John McNiven

Personal information
- Born: 12 June 1935 Glasgow, Scotland
- Died: 26 June 2024 (aged 89)

Sport
- Sport: Weightlifting
- Event: Bantamweight
- Club: Glasgow Sports Centre

Medal record
Men's weightlifting
Representing Scotland
Commonwealth Games
| Bronze medal – third place | 1970 Edinburgh | Flyweight |
| Bronze medal – third place | 1974 Christchurch | Flyweight |

= John McNiven (weightlifter) =

Scottish weightlifter (1935–2024)

John McNiven (12 June 1935 – 26 June 2024) was a Scottish weightlifter who competed at six Commonwealth Games, winning two bronze medals at the 1970 Commonwealth Games and the 1974 Commonwealth Games.

== Biography ==
McNiven won twenty five Scottish National championships. He also competed in 18 World Masters events, winning 14 of them. McNiven was the first weightlifter to receive the World Masters Hall of Fame Award in 1993.

McNiven represented the Scotland team at the 1966 British Empire and Commonwealth Games in Kingston, Jamaica, where he participated in 56kg bantamweight category.

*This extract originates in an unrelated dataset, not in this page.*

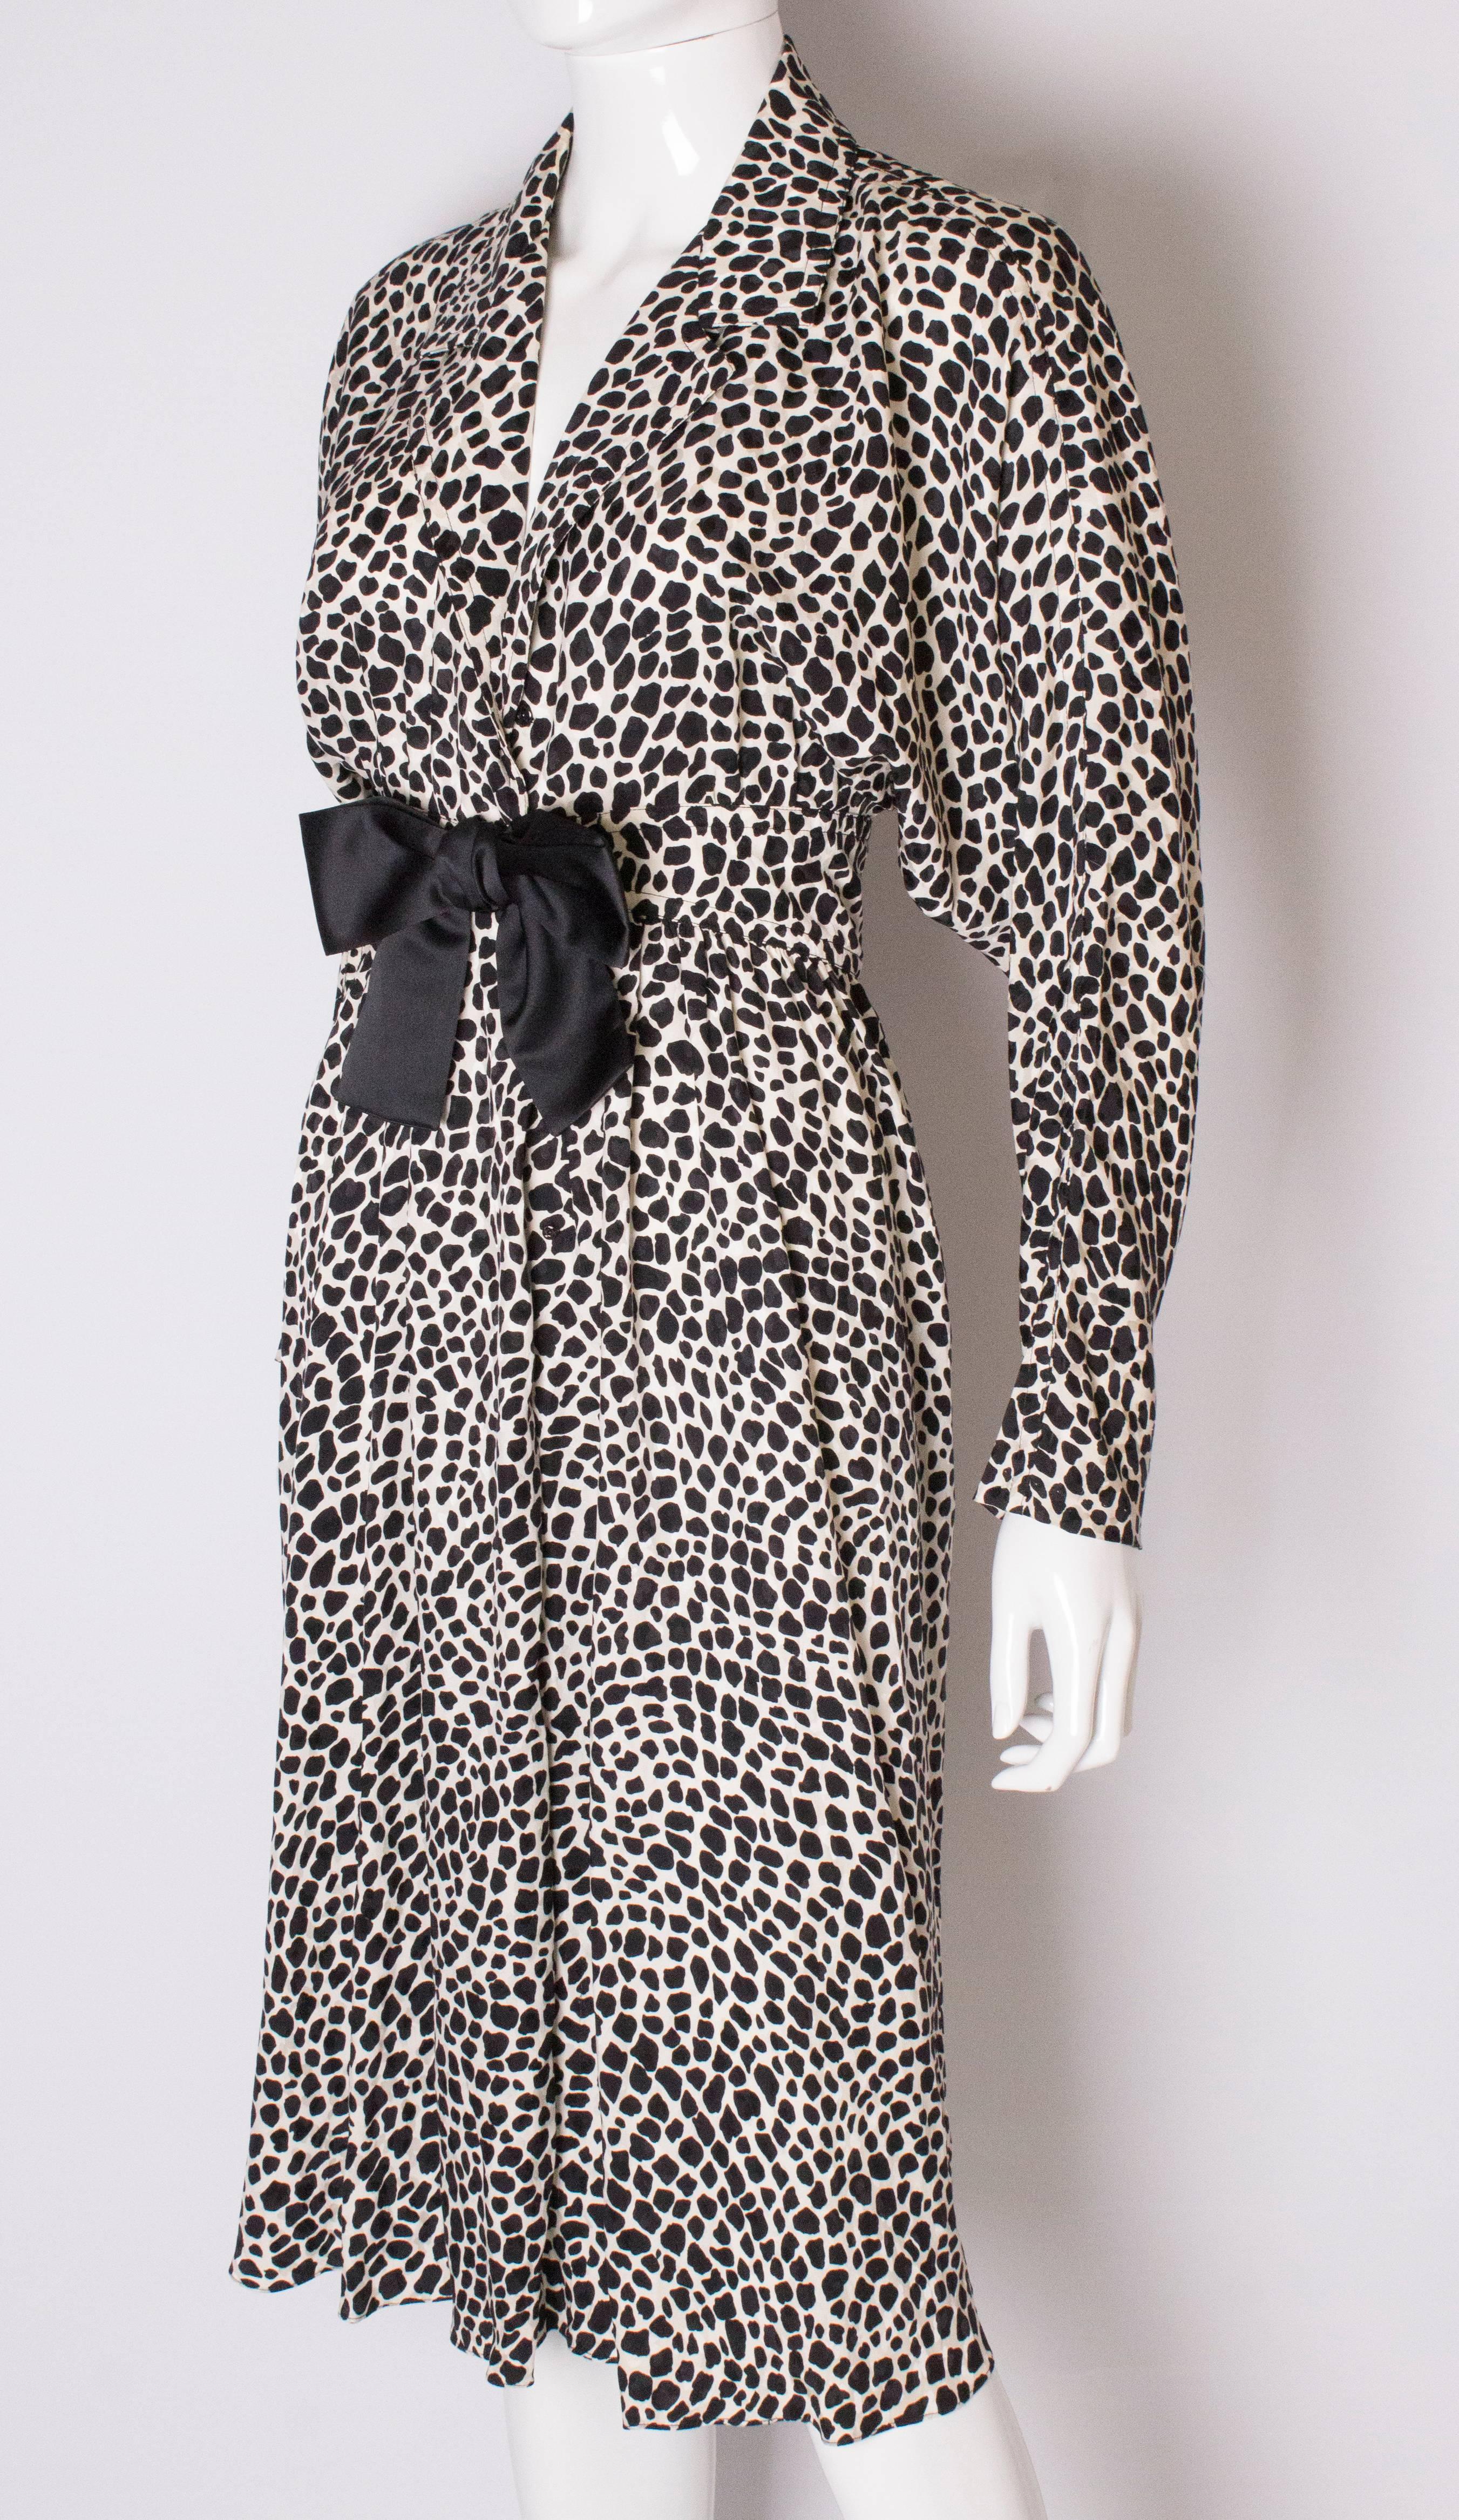 Women's or Men's A Vintage 1980s Black and White printed Dress with bow detail by Adele Simpson

McNiven represented the 1970 Scottish team at the 1970 British Commonwealth Games in Edinburgh, Scotland, where he competed in the 52kg flyweight category and won a bronze medal behind Australian George Vassiliadis. Four years later he attended a third Commonwealth Games when he was selected the 1974 Scottish team at the 1974 British Commonwealth Games in Christchurch, New Zealand, where he once again competed in the flyweight category and won another bronze medal, this time behind Precious McKenzie of England.

He subsequently went to six consecutive games by featuring in the 1978 Commonwealth Games, 1982 Commonwealth Games and 1986 Commonwealth Games. McNiven was the flag bearer for Scotland at the 1982 Commonwealth Games in Brisbane after he replaced Jack Hynd who was unable to carry the flag due to ill health.

McNiven also worked as a fitter for Regional Railways; he was appointed Member of the Order of the British Empire (MBE) in the 1994 New Year Honours for services to the sport of weightlifting. He was inducted into the Scottish Sports Hall of Fame in 2003. McNiven died on 26 June 2024, at the age of 89.